4.1. Introduction

The study of linear classifiers with supervised training has a long history. As early as 1936, Fisher's discriminant had already laid the groundwork for statistical pattern recognition. Later, Rosenblatt's perceptron (1956) was the first neural classifier proposed; it shares many similarities with the learning techniques used in the support vector machine developed by Vapnik [358] and in an earlier paper by Boser, Guyon, and Vapnik [33].
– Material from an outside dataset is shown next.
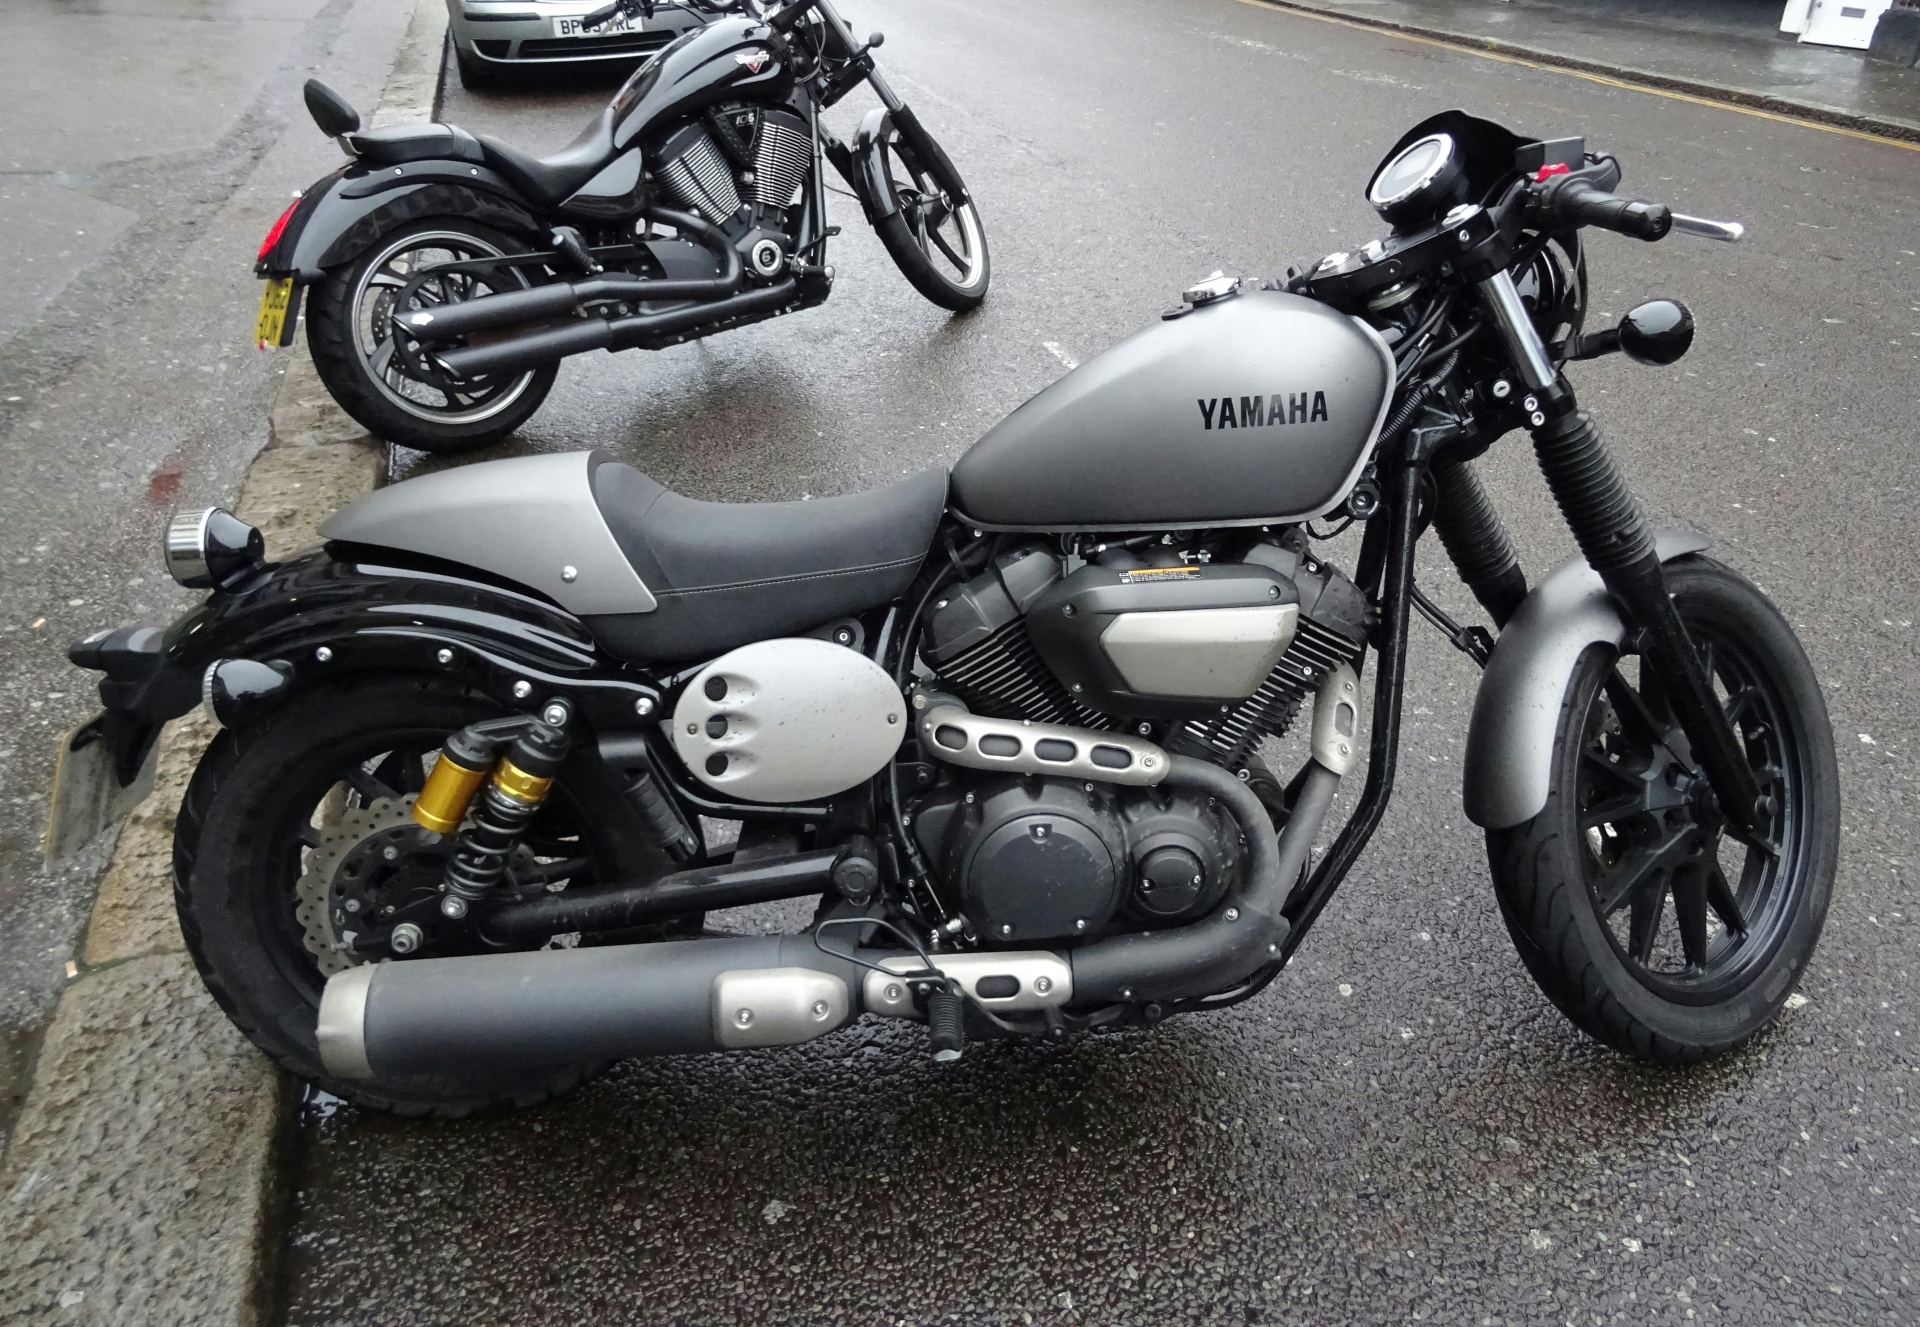 Yamaha 950 Motorcycle
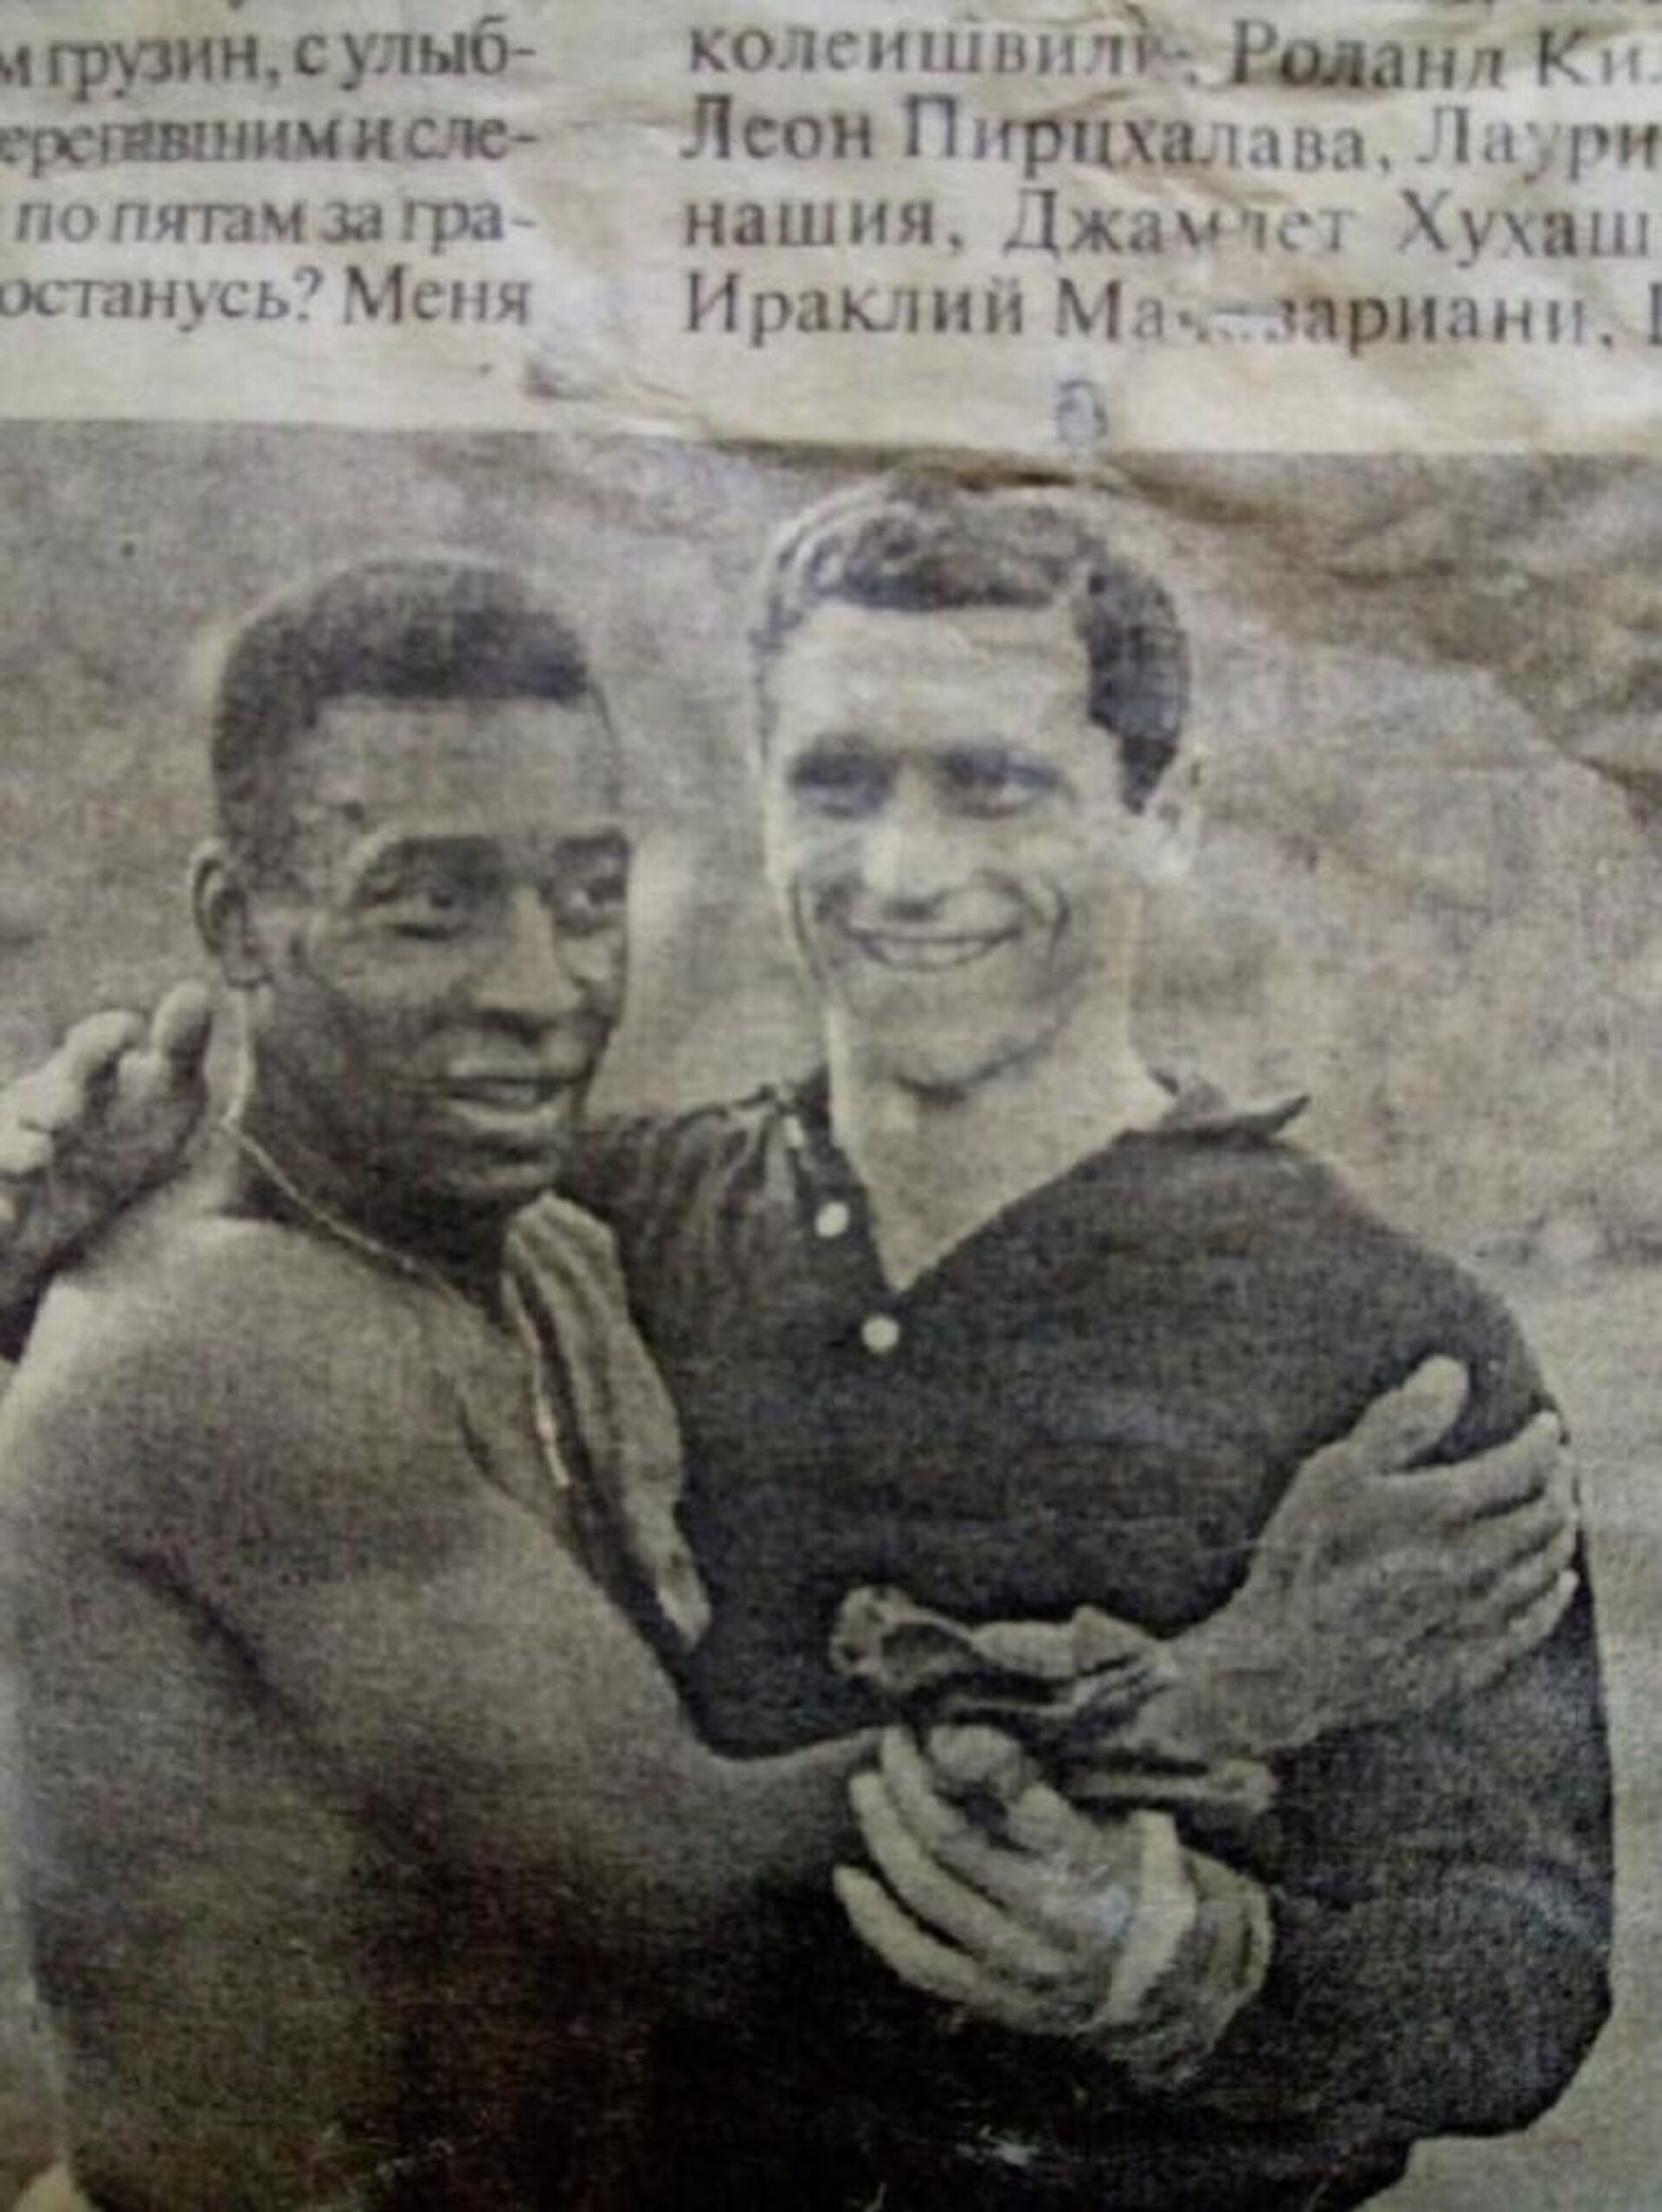 პელესთან ერთად - ფოტო ძველი საგაზეთო სტატიიდან - Sputnik Грузия, 1920, 26.08.2021

Section 4.2 begins by introducing a simple two-class classifier, then goes on to derive the least-squares classifier and the classical Fisher discriminant linear analysis. The decision boundary of the least-squares classifier and the Fisher classifier is dictated (i.e., supported) by all of the training data. In contrast, in Section 4.3, the decision boundary of the support vector machine (SVM) hinges on a specially selected set of training data that serve as support vectors. In a linear SVM, some "important" training data are considered as support vectors that are divided into two groups—one group for each class. The objective of the SVM is to maximize the minimal separation margin of these two groups of support vectors. A notion of fuzzy SVMs is proposed to cope with training data that are not linearly separable. The notion of margin of separation is conveniently replaced by a new notion of fuzzy separation region. Mathematically, slack variables are introduced so that linearly separable constraints can be relaxed. To further enhance the SVM's classification capability, nonlinear kernels are adopted in Section 4.5. The use of nonlinear kernels leads to more general and flexible nonlinear decision boundaries. For more in-depth treatment of SVMs for pattern classification, readers are referred to these references [40, 55, 257, 337].